**TASK ITEM:**
Output the data word for word, dropping every image.

**RECORDED DATA:**
*** Begin section ***

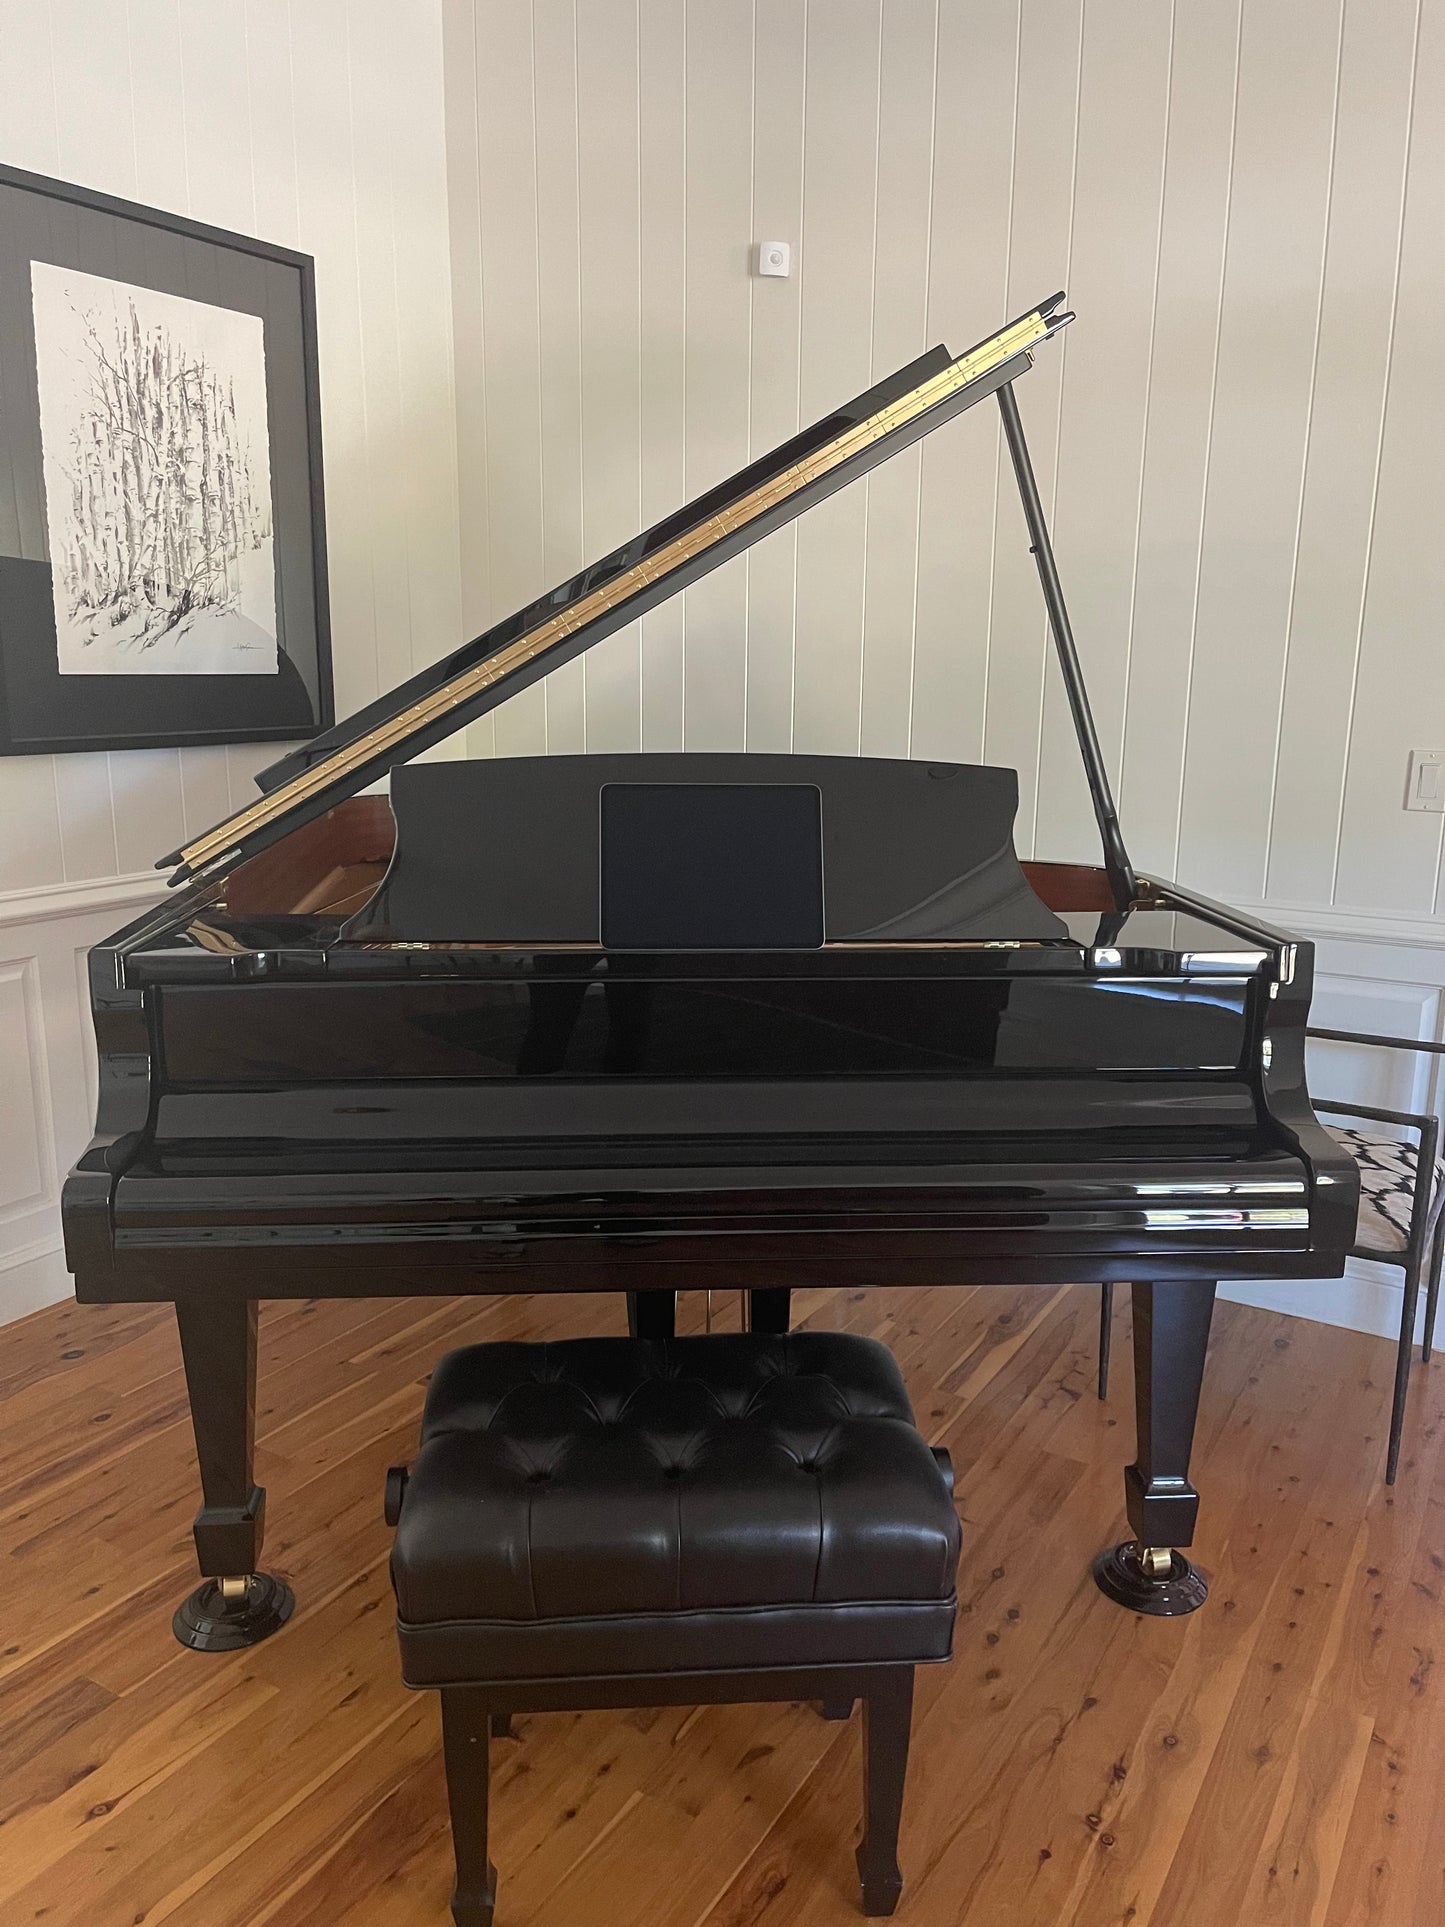 2022 Steinway Model B Spirio Record (R) Grand Piano with iPad | Los Angeles
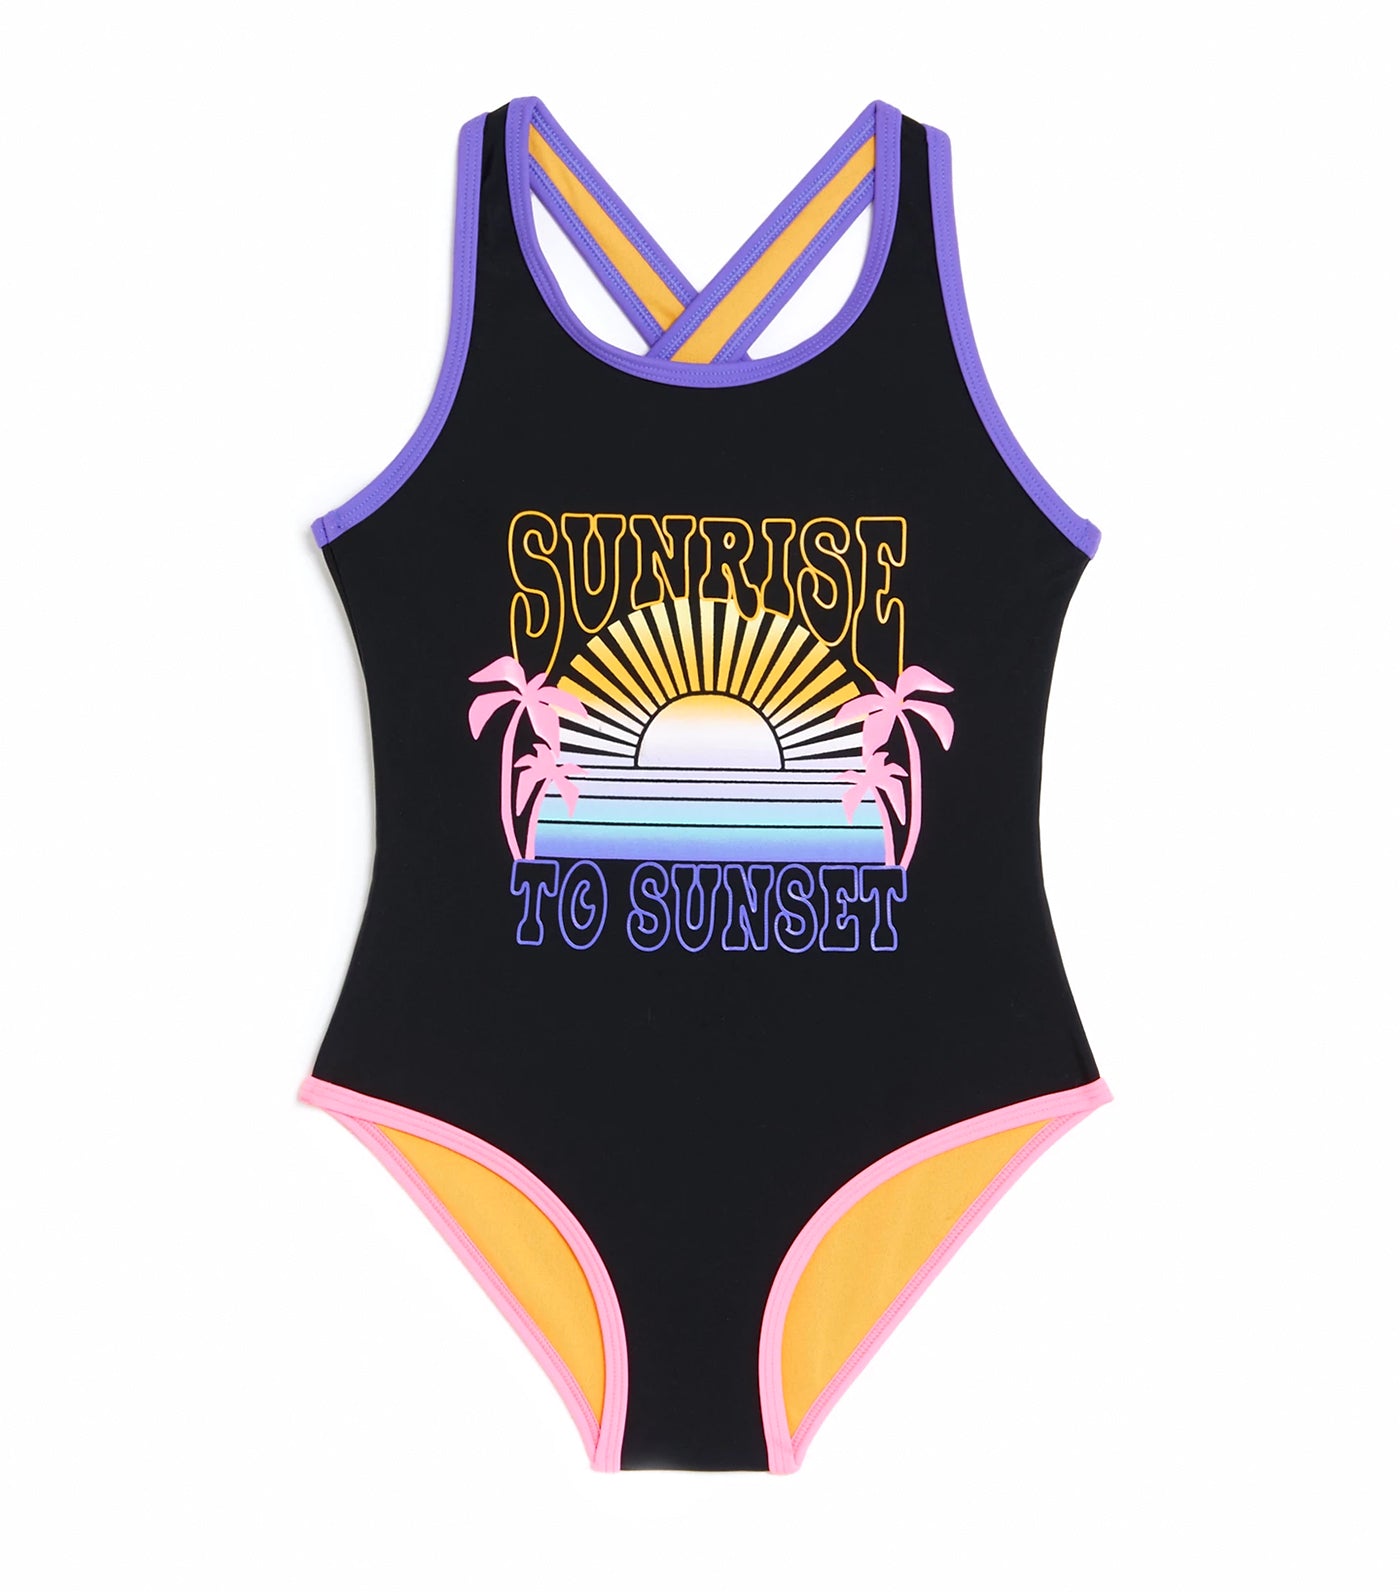 Sunrise Swimsuit
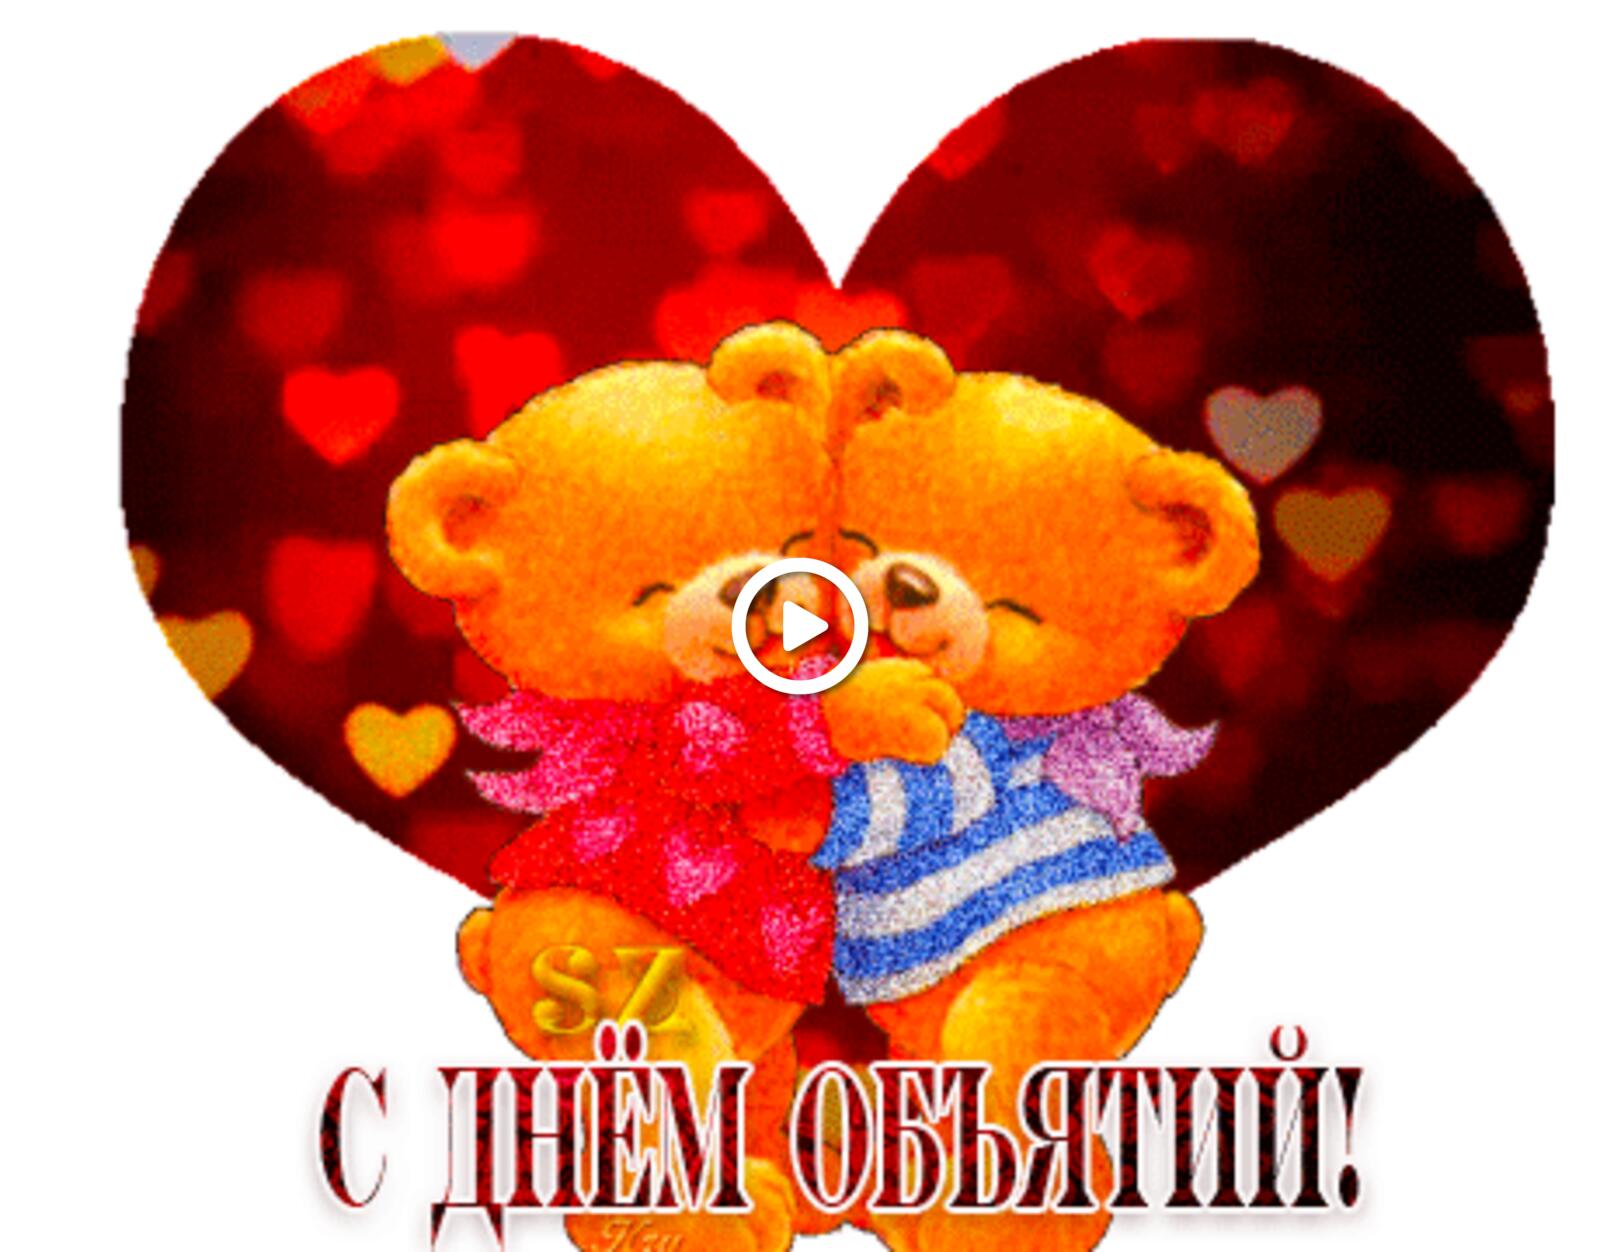 A postcard on the subject of hug bears heart for free

*** End section ***

**RESULT:**
 2022 Steinway Model B Spirio Record (R) Grand Piano with iPad | Los Angeles
 Sunrise Swimsuit
 A postcard on the subject of hug bears heart for free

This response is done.